Duty done. Good luck!


----------



## escorial (May 1, 2016)

voted


----------



## EllaLouis (May 1, 2016)

Voted


----------



## aj47 (May 1, 2016)

Annnd ... we can tell who didn't write them by who's voting ....


----------



## Phil Istine (May 1, 2016)

astroannie said:


> Annnd ... we can tell who didn't write them by who's voting ....



My thoughts too.
That's all I'm saying for now.


----------



## Harper J. Cole (May 1, 2016)

To be fair, I don't think that any of the people who've commented were on the eligible contestants list.


----------



## PrinzeCharming (May 1, 2016)

astroannie said:


> Annnd ... we can tell who didn't write them by who's voting ....



The list of eligible contestants were already publicly announced. I wasn't on there. :moody:



HarperCole said:


> To be fair, I don't think that any of the people who've commented were on the eligible contestants list.



I read this after I posted my comment. Yes, you're absolutely right.


----------



## aj47 (May 1, 2016)

PrinzeCharming said:


> The list of eligible contestants were already publicly announced. I wasn't on there. :moody:



Well yes, but maybe my post wasn't directed at you, but at those who were eligible and who hadn't announced their voting status.
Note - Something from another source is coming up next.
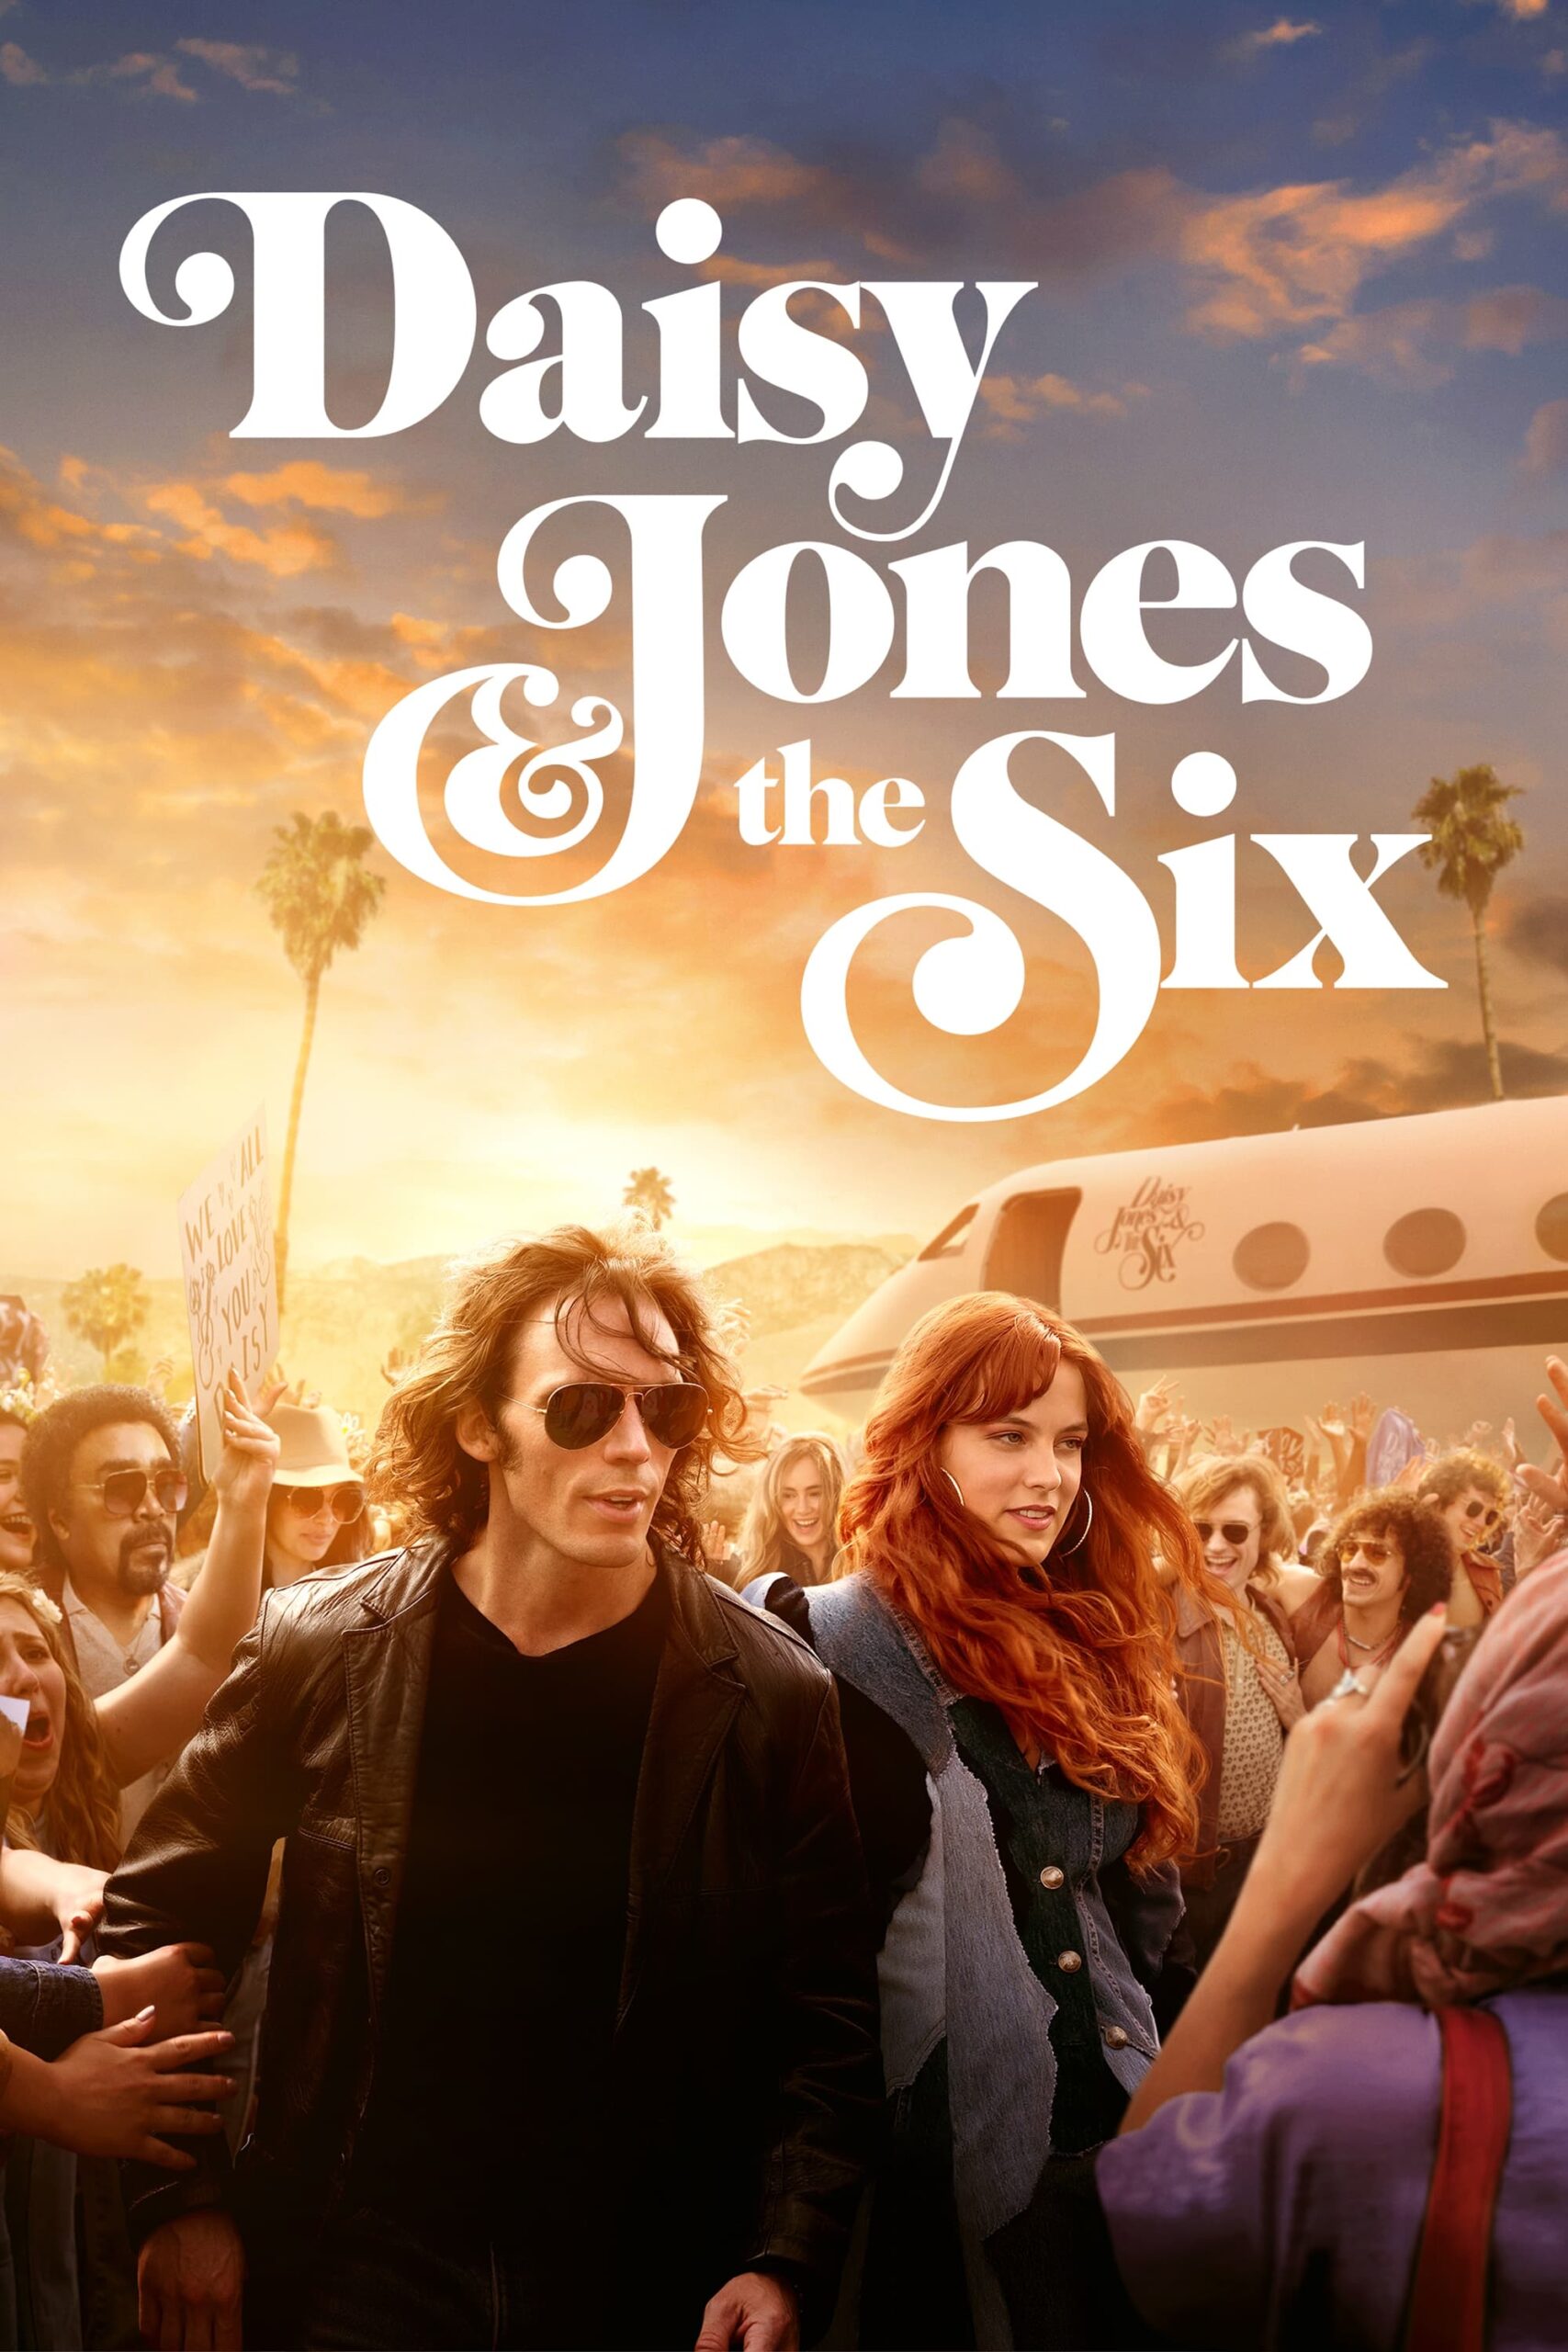 دیزی جونز و شش نفر (Daisy Jones & The Six)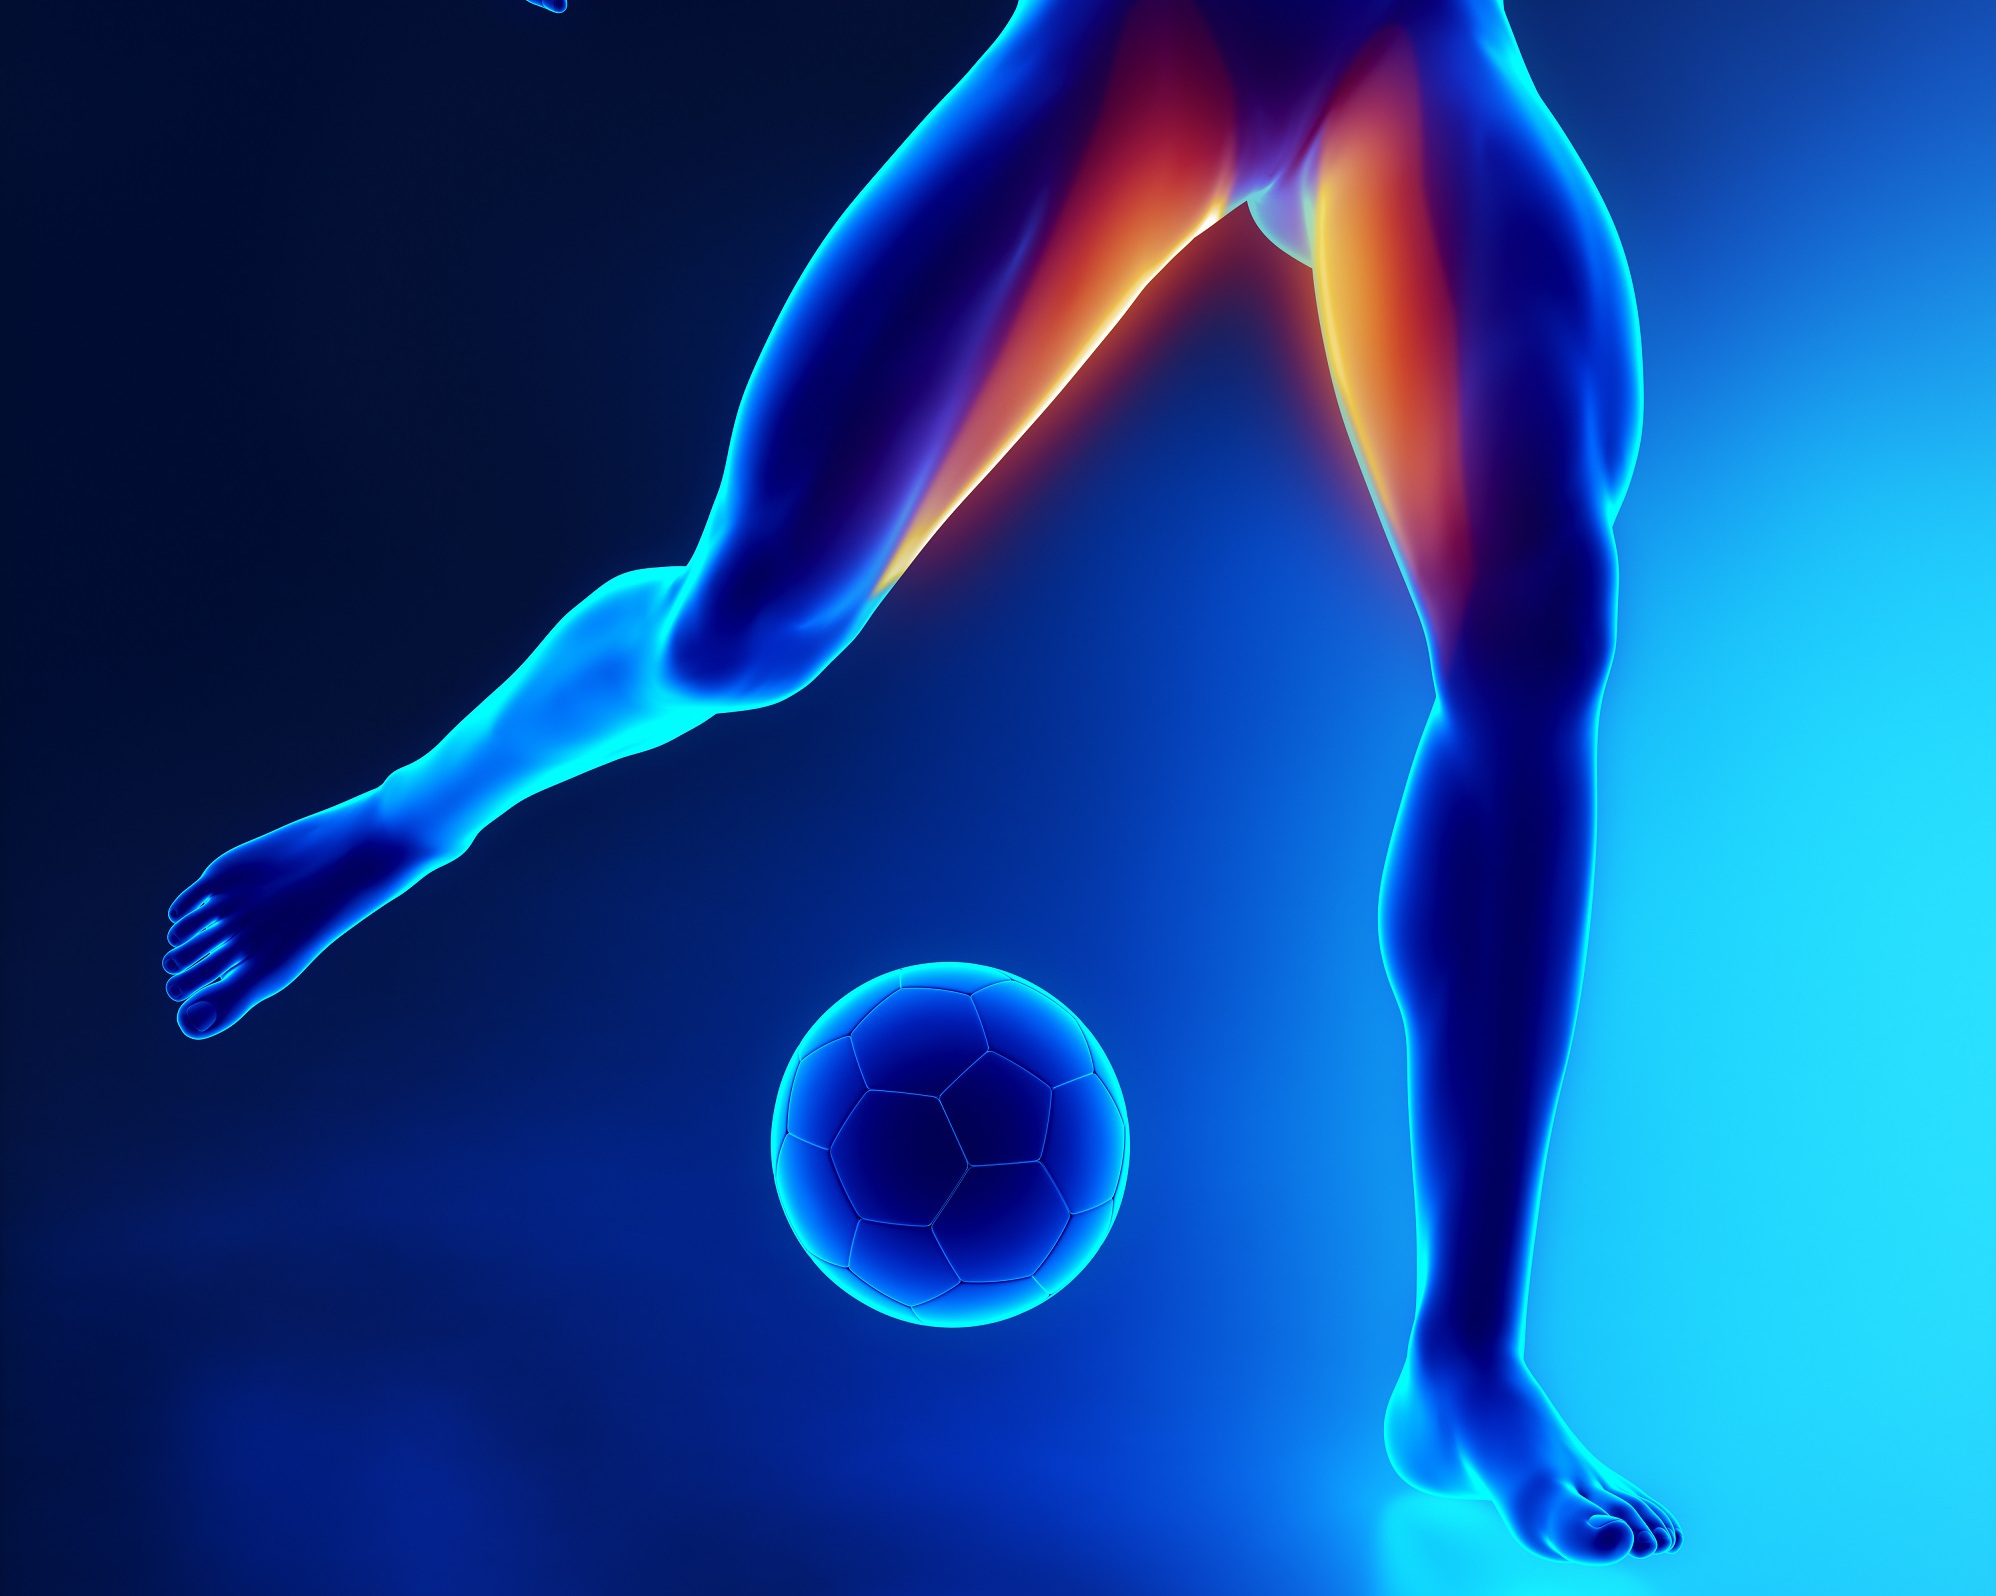 Le grand adducteur est un muscle qui permet de rapprocher une jambe de l’autre. Les blessures aux adducteurs sont fréquentes chez les sportifs comme les footballeurs. © CLIPAREA l Custom media, Shutterstock

Perhaps as a cautionary.


----------



## PiP (May 1, 2016)

If we are tracking who's voted - I have.


----------



## -xXx- (May 1, 2016)




----------



## Aquilo (May 1, 2016)

Voted.


----------



## aj47 (May 1, 2016)

As I look, it shows an odd number.  So someone would win if it were called now.


----------



## Harper J. Cole (May 2, 2016)

About three hours left in this poll; last call for votes! 8)


----------



## PiP (May 2, 2016)

Come on folks...we need your votes...


----------



## Phil Istine (May 2, 2016)

OK, 9-6 on the tie break.  I'm not surprised because they seemed equally as good, but different styles.

EDIT:  When does the other result come through from the four horsepersons of the apocalypse?


----------



## Gumby (May 2, 2016)

*Scores and Announcement now available! *


----------